SolarCity did in fact get lucky. The company has been paying the US government’s preliminary duties on Chinese solar panels, about 35%, but the Commerce Department has ruled that the Chinese suppliers listed in SolarCity’s S-1 (the paperwork a company files with the authorities before an IPO), Trina Solar and Yingli Green Energy, must pay lower-than-expected tariffs, of 24% and 31%, respectively.

However, the government’s attempt at protectionism is likely to backfire anyway. The global supply chain, after all, is a fast-evolving creature. While Yingli complained that the tariffs will make exports to the US unprofitable, SolarCity says its Chinese suppliers are already on the hunt for middle-men outside of both China and the US who can assemble their photovoltaic panels into final products to sell in America, tariff-free.
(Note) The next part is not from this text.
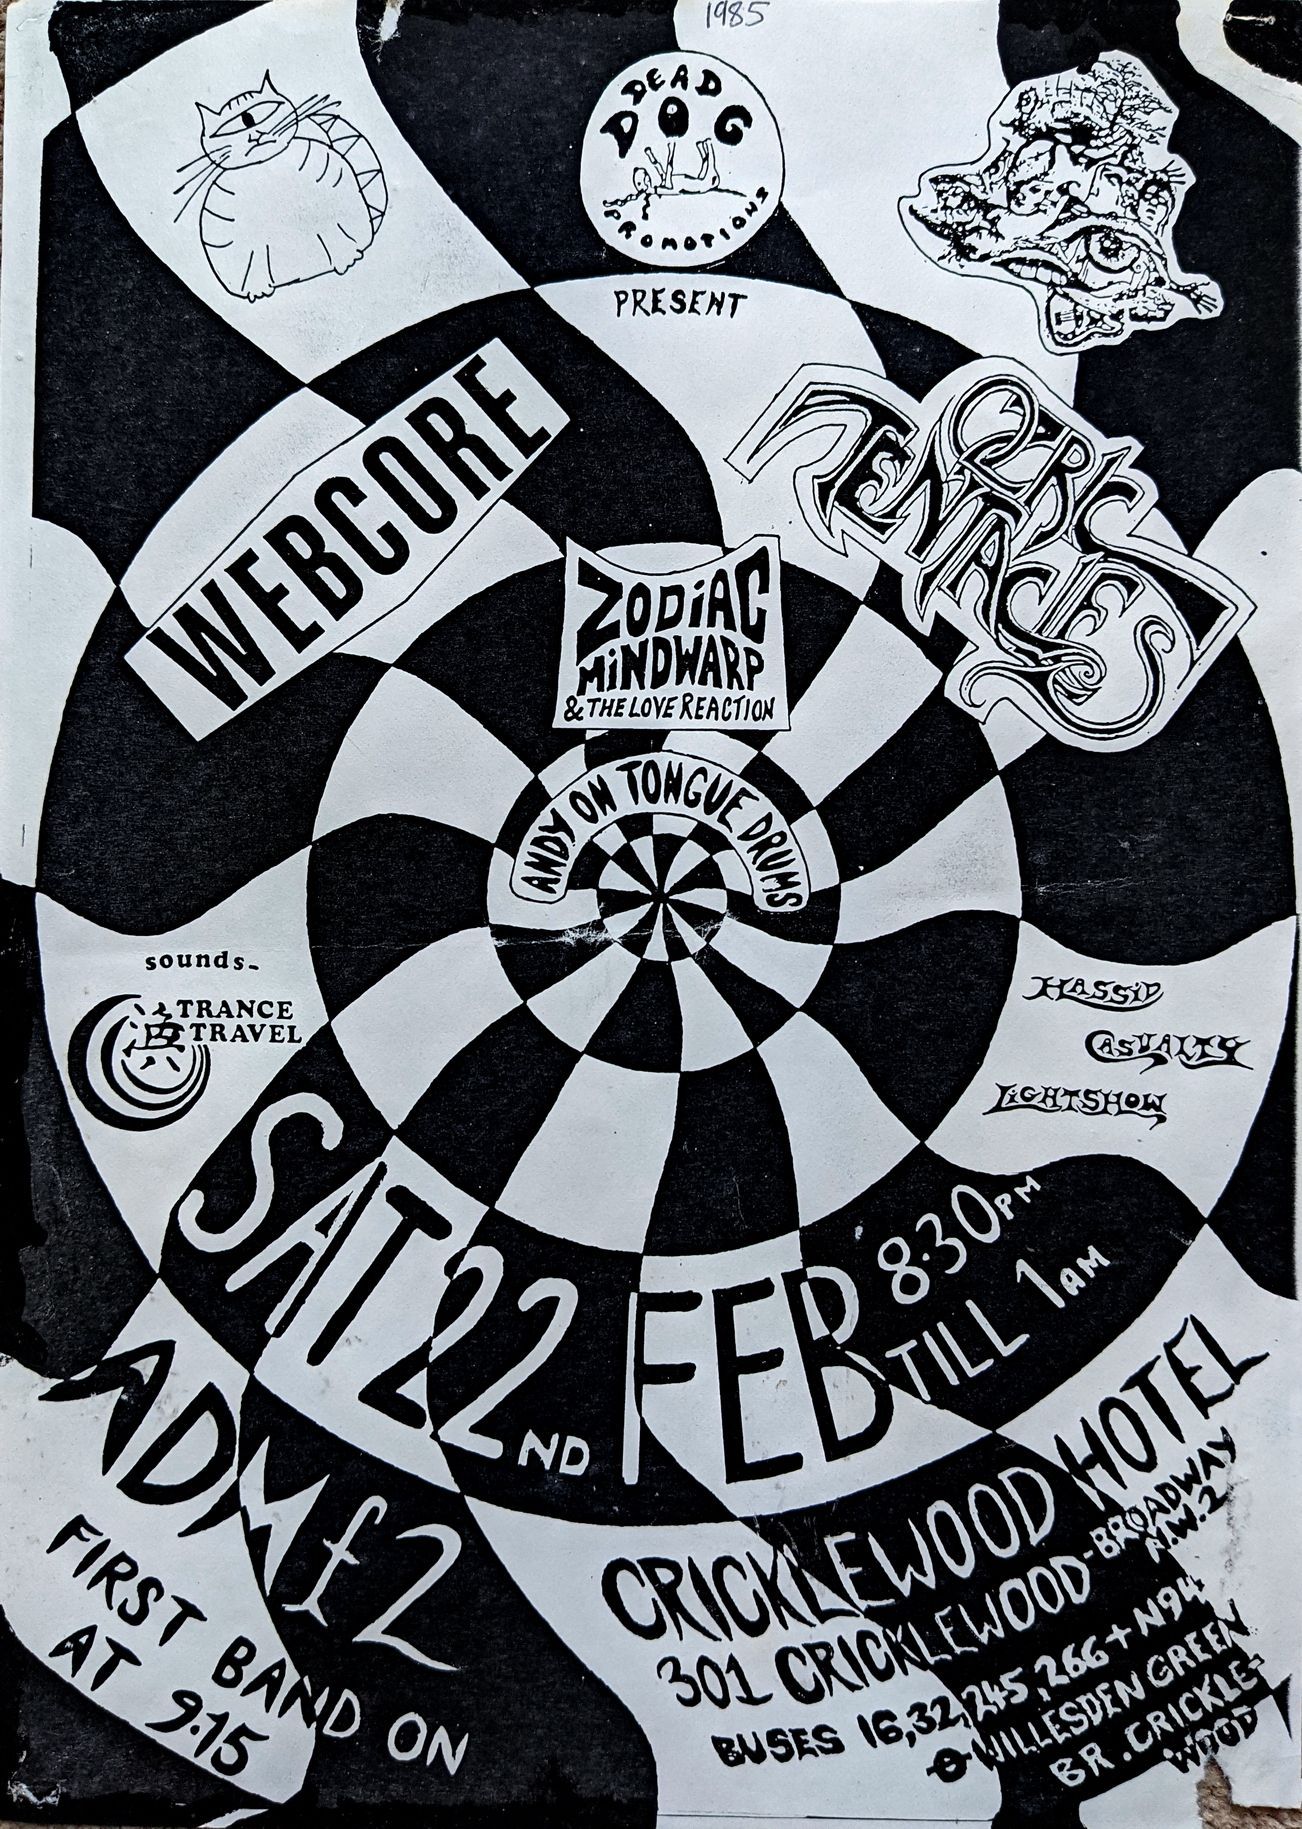 A black and white poster for a music gig at the Cricketwood Hotel. - Webcore

Thanks to a loophole in the Commerce Department’s decision, they can do this with impunity.

Of course, that doesn’t make American solar-panel manufacturers happy. By contrast with Chinese manufacturers, whom China’s government has had no compunction about bailing out—hence the American complaints about subsidies—the US firms have struggled to obtain government support, due to tight post-recession budgets and the political partisanship around global warming. The solar-cell manufacturing lobby complained bitterly about the loophole. But it does mean prices of solar cells are likely to stay down, which is good for SolarCity and its kin.